DOM capacities depends a lot on the library, here's a quick comparisons of the main tools you can use:

  • jsdom: implements DOM level 4 which is the latest DOM standard, so everything that you can do on a modern browser, you can do it in jsdom. It is the de-facto industry standard for doing browser stuff on Node, used by Mocha, Vue Test Utils, Webpack Prerender SPA Plugin, and many other:

    const jsdom = require("jsdom");
    const dom = new jsdom.JSDOM(`<!DOCTYPE html><p>Hello world</p>`);
    dom.window.document.querySelector("p").textContent; // 'Hello world'
    
  • deno_dom: if using Deno instead of Node is an option, this library provides DOM parsing capabilities:

    import { DOMParser } from "https://deno.land/x/deno_dom/deno-dom-wasm.ts";
    const parser = new DOMParser();
    const document = parser.parseFromString('<p>Hello world</p>', 'text/html');
    document.querySelector('p').textContent; // 'Hello world';
    
  • htmlparser2: same as jsdom, but with enhanced performances and flexibility at the price of a more complex API:

    const htmlparser = require("htmlparser2");
    const parser = new htmlparser.Parser({
      onopentag: (name, attrib) => {
        if (name=='p') console.log('a paragraph element is opening');
      }
    }, {decodeEntities: true});
    parser.write(`<!DOCTYPE html><p>Hello world</p>`);
    parser.end();
    // console output: 'a paragraph element is opening'
    
  • cheerio: implementation of jQuery based on HTML DOM parsing by htmlparser2:

    const cheerio = require('cheerio');
    const $ = cheerio.load(`<!DOCTYPE html><p>Hello world</p>`);
    $('p').text('Bye moon');
    $.html(); // '<!DOCTYPE html><p>Bye moon</p>'
    
  • xmldom: fully implements the DOM level 2 and partially implements the DOM level 3. Works with HTML, and with XML also

  • dom-parser: regex-based DOM parser that implements a few DOM methods like getElementById.
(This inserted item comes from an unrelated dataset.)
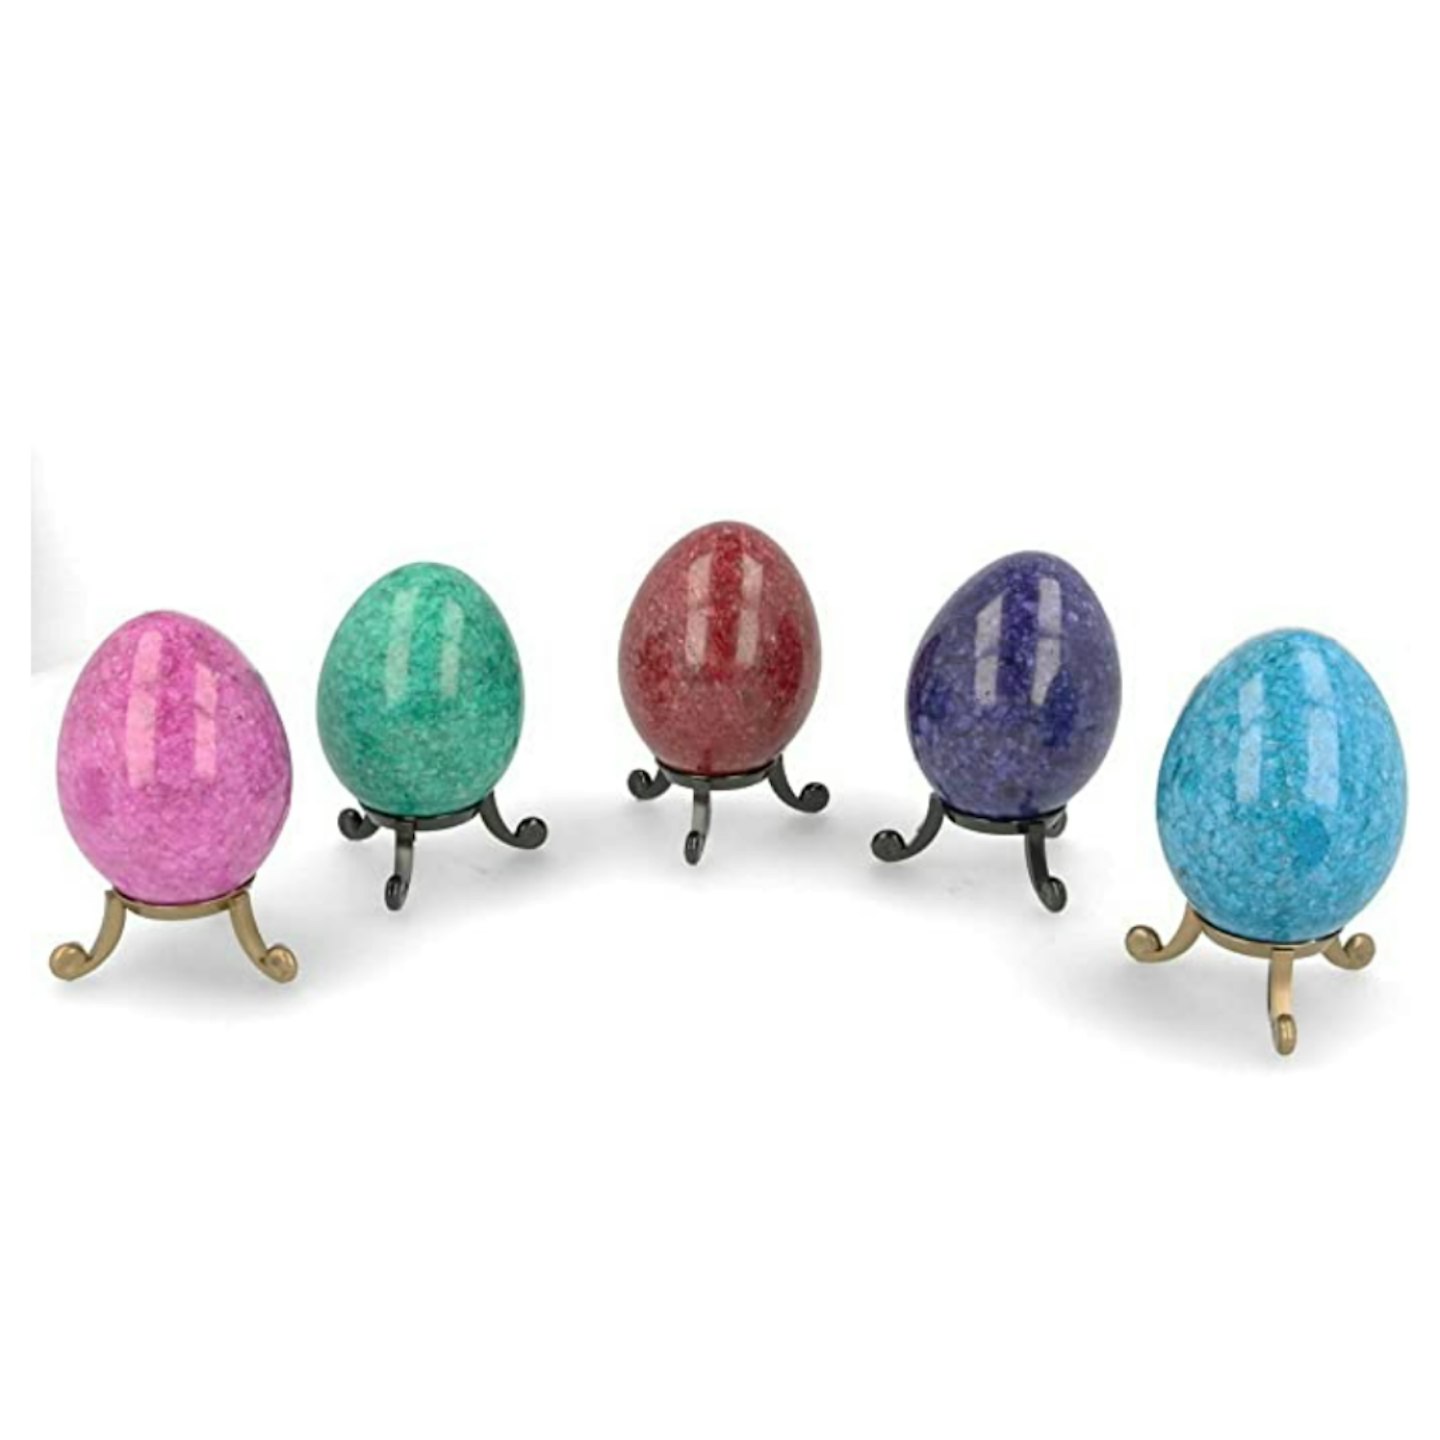 Set of 5 x 2" Genuine Himalayan Marble Eggs
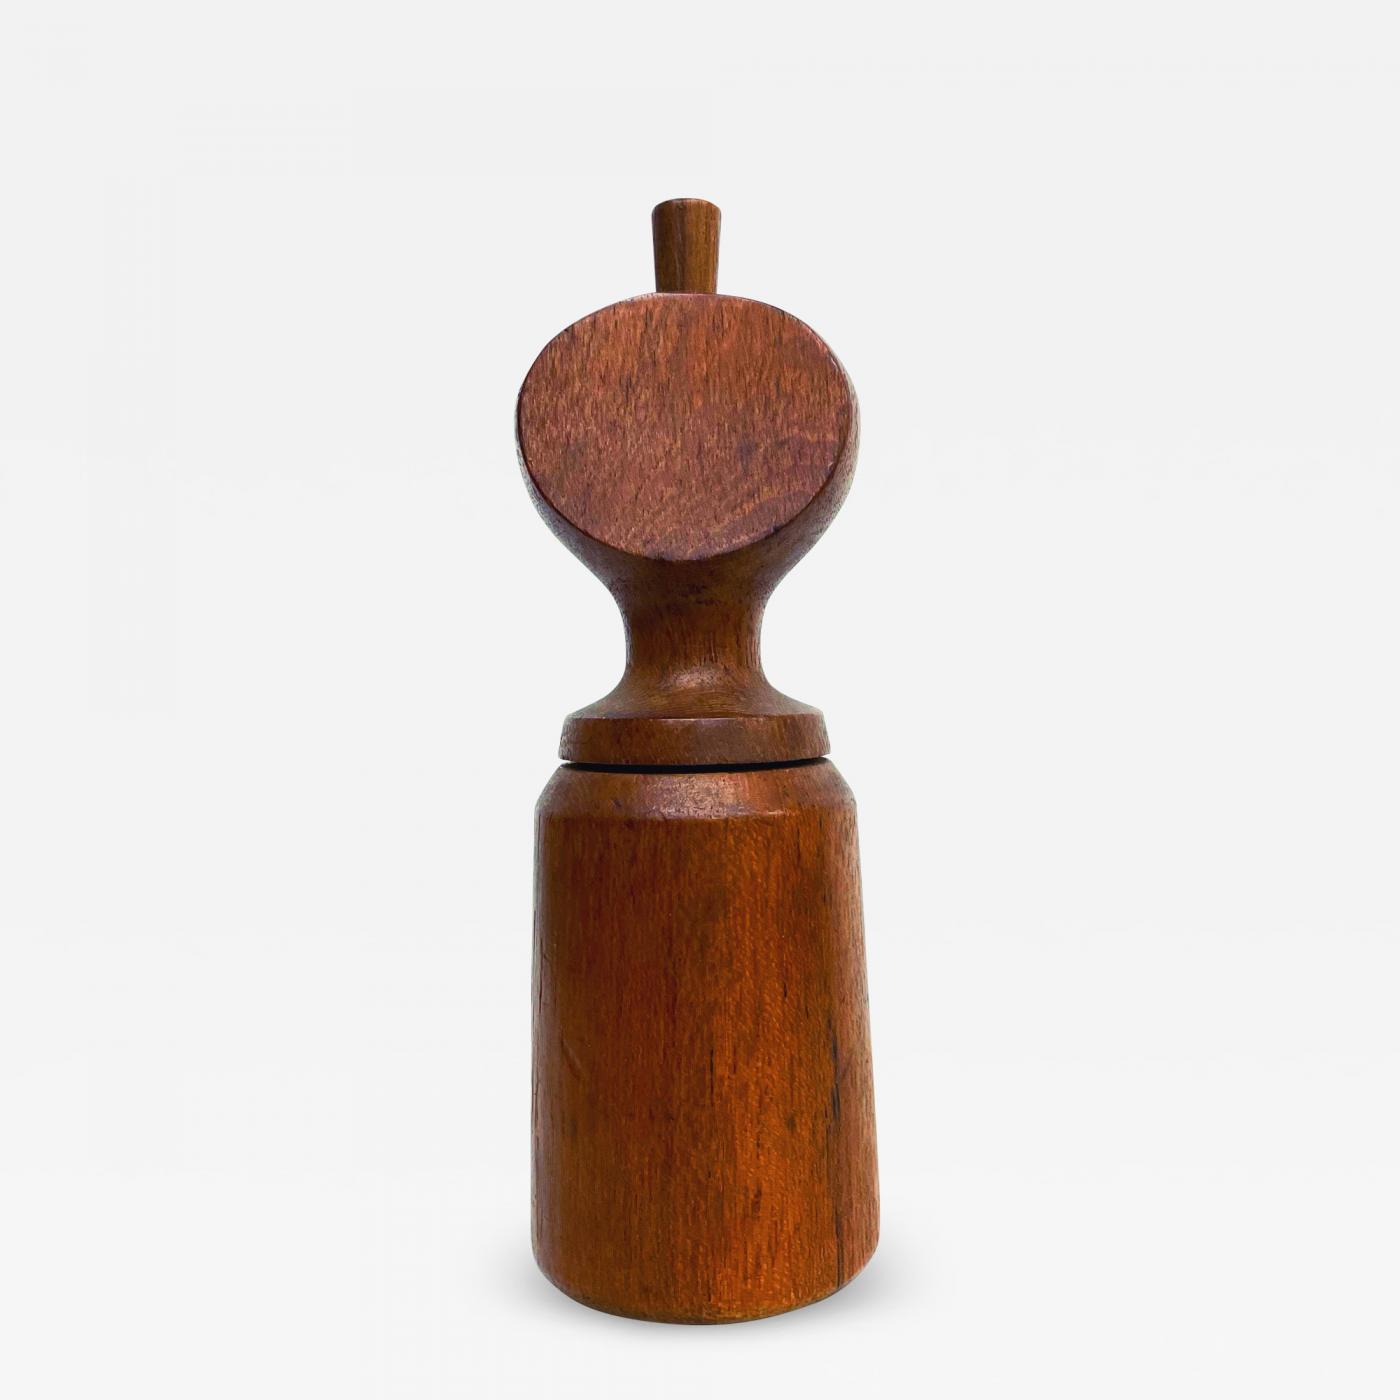 The Peppermills of Jens Quistgaard

Since parsing HTML with regular expressions is a very bad idea I wouldn't recommend this one for production.

Nino Filiu
  • 16,660
  • 11
  • 54
  • 84
26

I used jsdom because it's got a ton of usage and is written by a prominent web hero - no promises that it's behavior perfectly matches your browser (or even that every browser's behavior is the same) but it worked for me:

const jsdom = require("jsdom")
const { JSDOM } = jsdom
global.DOMParser = new JSDOM().window.DOMParser
jrz
  • 4,286
  • 1
  • 29
  • 21
21

You can use a Node implementation of DOMParser, such as xmldom. This will allow you to access DOMParser outside of the browser. For example:

var DOMParser = require('xmldom').DOMParser;
var parser = new DOMParser();
var document = parser.parseFromString('Your XML String', 'text/xml');
Chris Alley
  • 3,015
  • 2
  • 21
  • 31
17

There is no DOMParser in node.js, that's a browser thing. You can try any of these modules though:

https://github.com/joyent/node/wiki/modules#wiki-parsers-xml

Esailija
  • 138,174
  • 23
  • 272
  • 326
  • 1
    I know this thread is old, but here it goes. What about jquery for node? An ajax call with dataType xml should receive an xml dom response. – ffflabs Jul 24 '14 at 02:45
  • 1
    The link provided appears to have expired. – vhs May 20 '22 at 11:24
5

I really like htmlparser2. It's a fantastic, fast and lightweight library. I've created a small demo on how to use it on RunKit: https://runkit.com/jfahrenkrug/htmlparser2-demo/1.0.0

Johannes Fahrenkrug
  • 42,912
  • 19
  • 126
  • 165
  • it's good to know that additional packages that make it actually useful (css-select, domutils) are not free – okram Jul 17 '23 at 08:30
3
var DOMParser = require('xmldom').DOMParser;
var doc = new DOMParser().parseFromString(
    '<xml xmlns="a" xmlns:c="./lite">\n'+
        '\t<child>test</child>\n'+
        '\t<child></child>\n'+
        '\t<child/>\n'+
    '</xml>'
    ,'text/xml');
Anjali
  • 75
  • 1
0

I use yet another DOM parser from html string to DOM and back > Himalaya, or at npmjs.com:

import { parse, stringify } from 'himalaya';

const dom = parse(htmlString)

// Do something here

const htmlStringNext = stringify(dom)
Roman
  • 19,236
  • 15
  • 93
  • 97
0

RSS parser is easy for parsing Atom feeds. I you are using NextJs for example you can simply create an API like so:

import Parser from 'rss-parser'

export default async function API(req, res) {
    let parser = new Parser();
    try {
        const feed = await parser.parseURL(`https://www.nasa.gov/rss/dyn/lg_image_of_the_day.rss`);
        if (feed) return res.json({ "message": `Here is your data feed title`, status: 200, data: feed.title })
    } catch (error) {
        return res.json({ "message": "You made an invalid request", status: 401 })
    }
}
w. Patrick Gale
  • 1,643
  • 13
  • 22
0

I needed DOMParser in node. This is what I used

const jsdom = require('jsdom');
const {JSDOM} = jsdom;

class DOMParser {
  parseFromString(s, contentType = 'text/html') {
    return new JSDOM(s, {contentType}).window.document;
  }
}

now the example from this answer works for me.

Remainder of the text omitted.